Hormuz Island (/hɔrˈmuːz/; جزیره هرمز), also spelled Hormoz, Ormoz, Ormuz or Ormus, is an Iranian island in the Persian Gulf.

==Geography==
Hormuz Island has an area of 42 km2. Located in the Strait of Hormuz, 8 km off the Iranian coast, the island is part of Hormuz District, Bandar Abbas County, Hormozgan Province. It is sparsely inhabited, but some development has taken place since the late 20th century. The city of Hormuz is in the north of the island.

===Geology===
Reddish ochre on the island and its beaches, called Golak by natives, has been exploited for artistic and culinary purposes, and also attracts tourists. Degradation due to overuse of the ochre has resulted in actions by the Department of Environment to protect it.
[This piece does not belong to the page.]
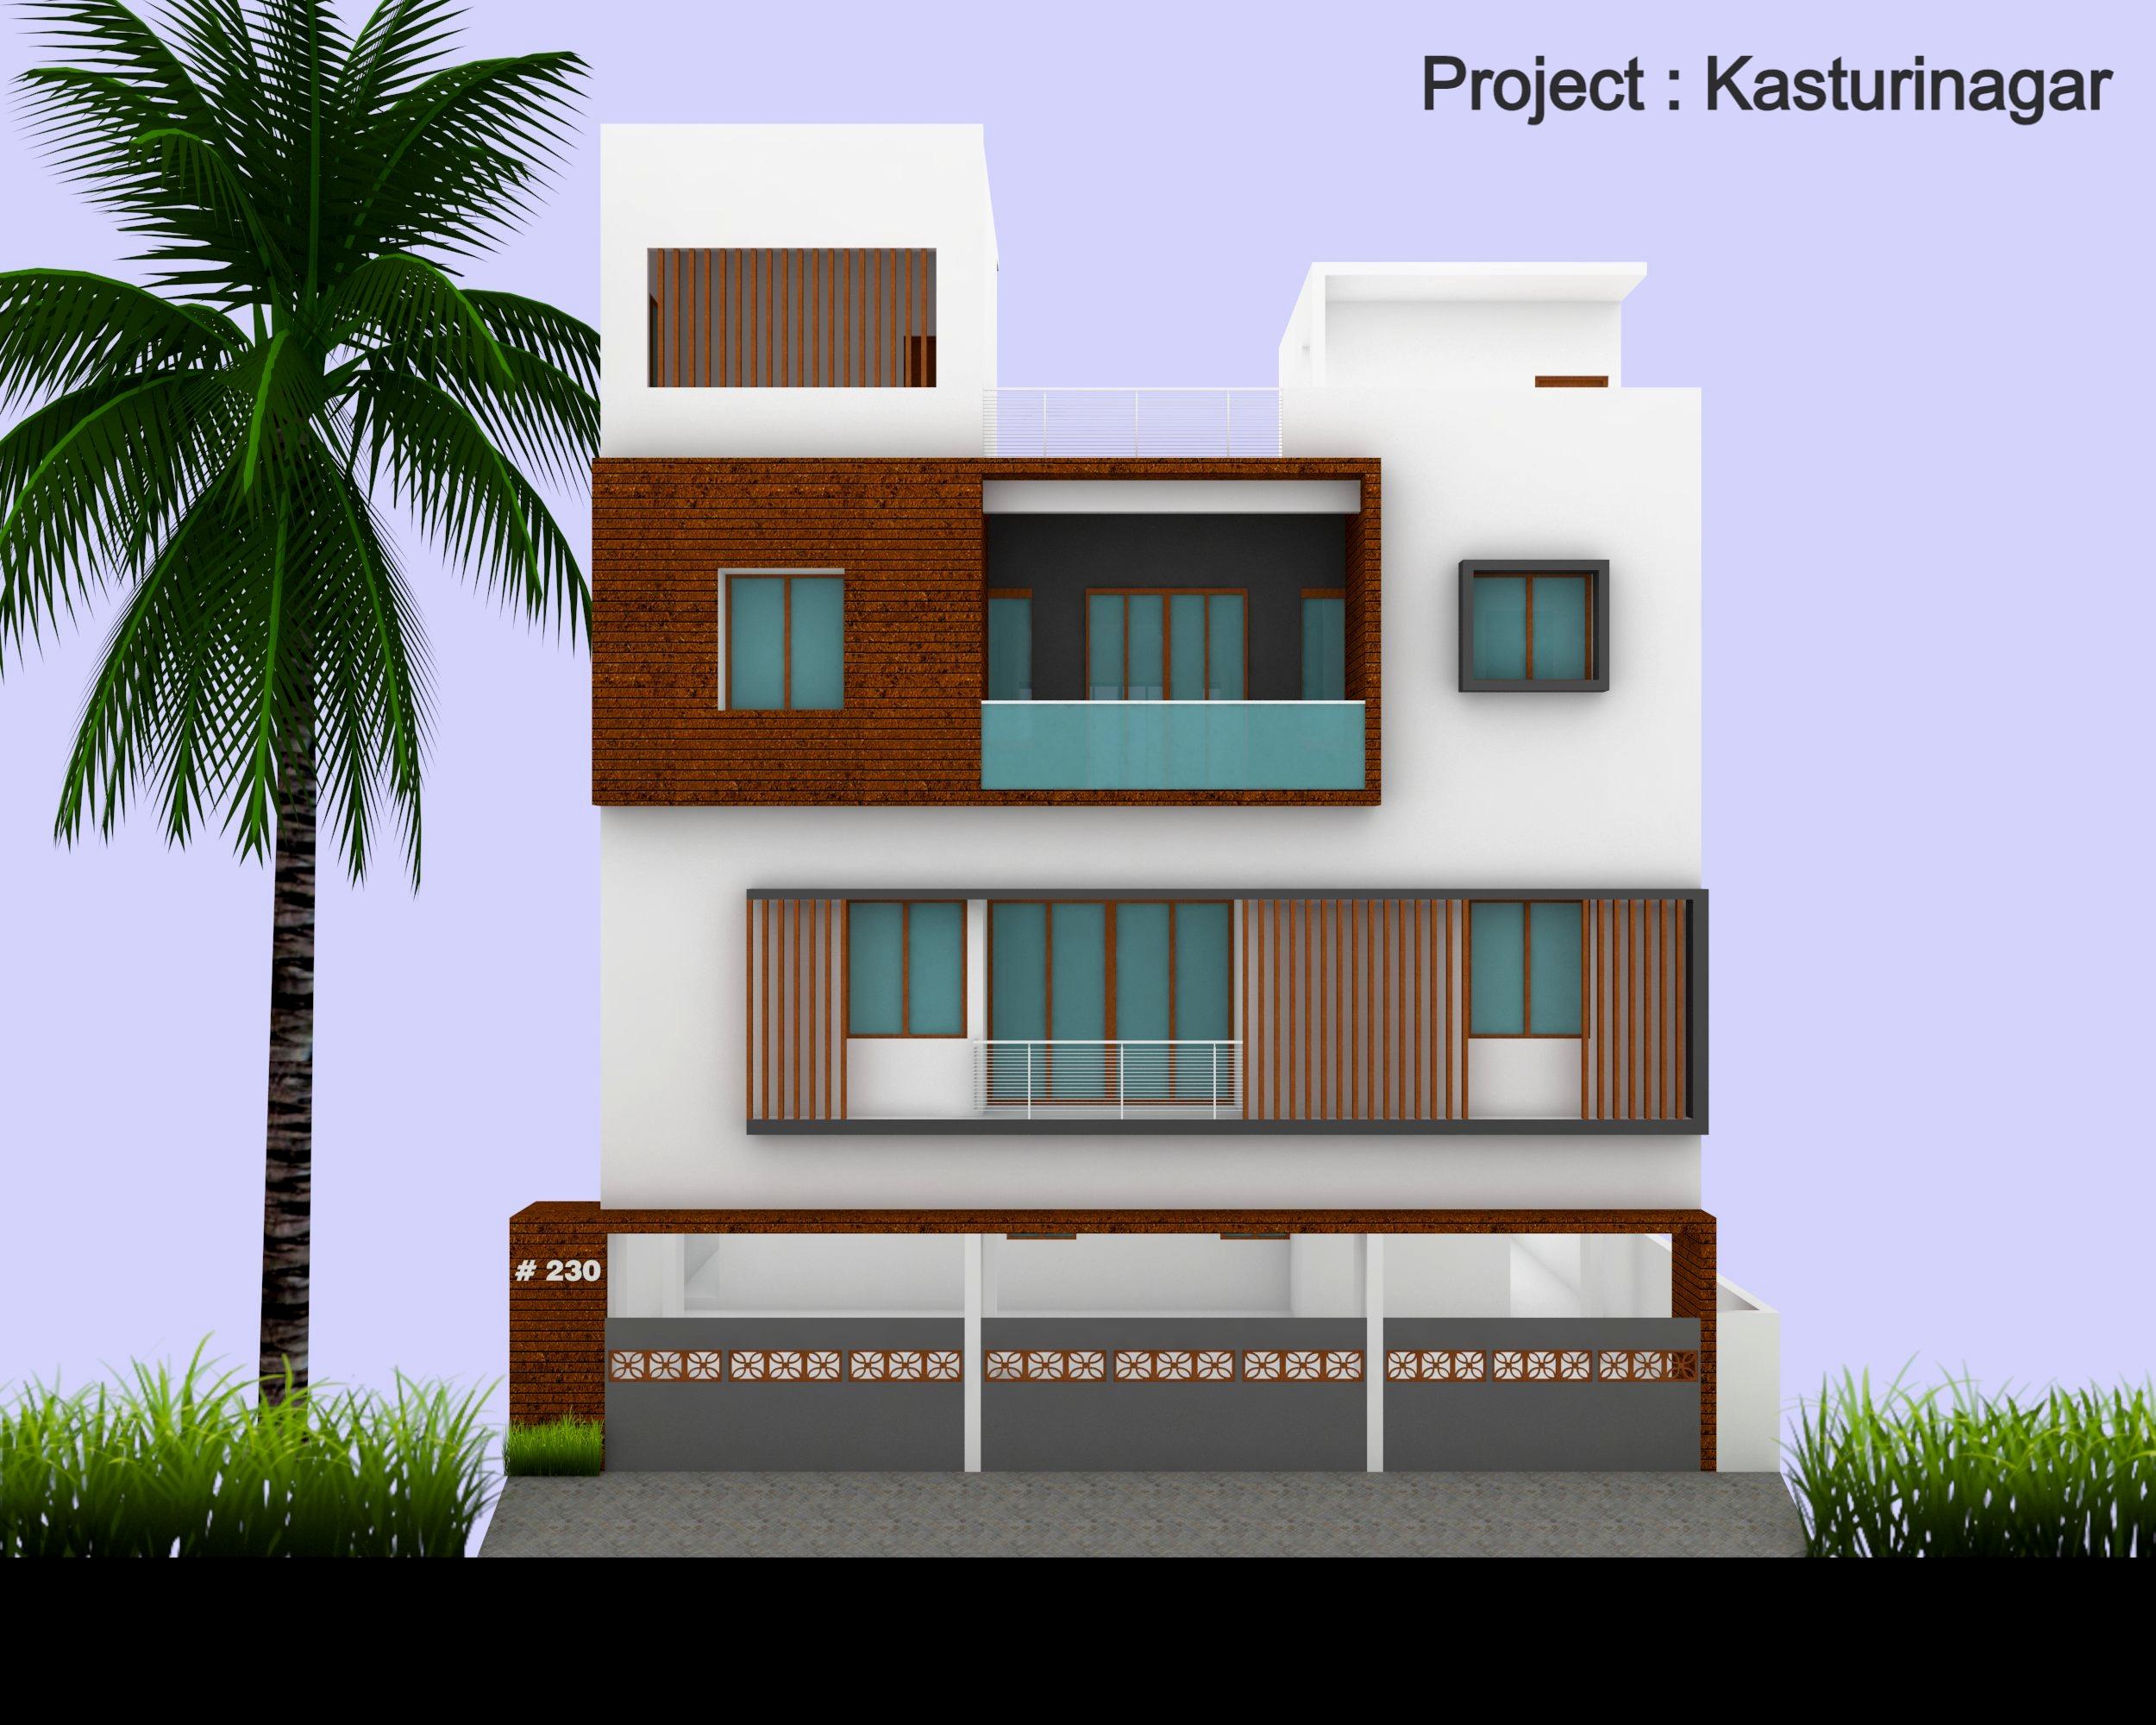 Kasturinagar1_Bangalore_edited

The satellite images catching the concentric arrangement of the rocks show that Hormuz Island appears to be a salt diapir, composed of ancient seasalt deposits which, due to lack of salt-dissolving groundwater and rains, and due to their plastic deformability, can flow and squeeze just like ice. Under the squeezing pressure of other sediments on top, the salt has managed to rise above the surface over many thousands of years, and has eroded into different shapes. The geological age of Hormuz Island is about 600 million years, and its life out of the water is about 50,000 years.

===Environment===
Iran's southern coast is known for its aridity and salty sea water. The island's waterways and wild birds attract many tourists. Hormuz has a forest of mangrove trees: trees that live in the saltwater tidal area. Sometimes, most of them are submerged in the sea water, but continue to survive. There is a grassy area that grows without the need for fresh water. In a story, this mythical plant is grown from Adam's tears.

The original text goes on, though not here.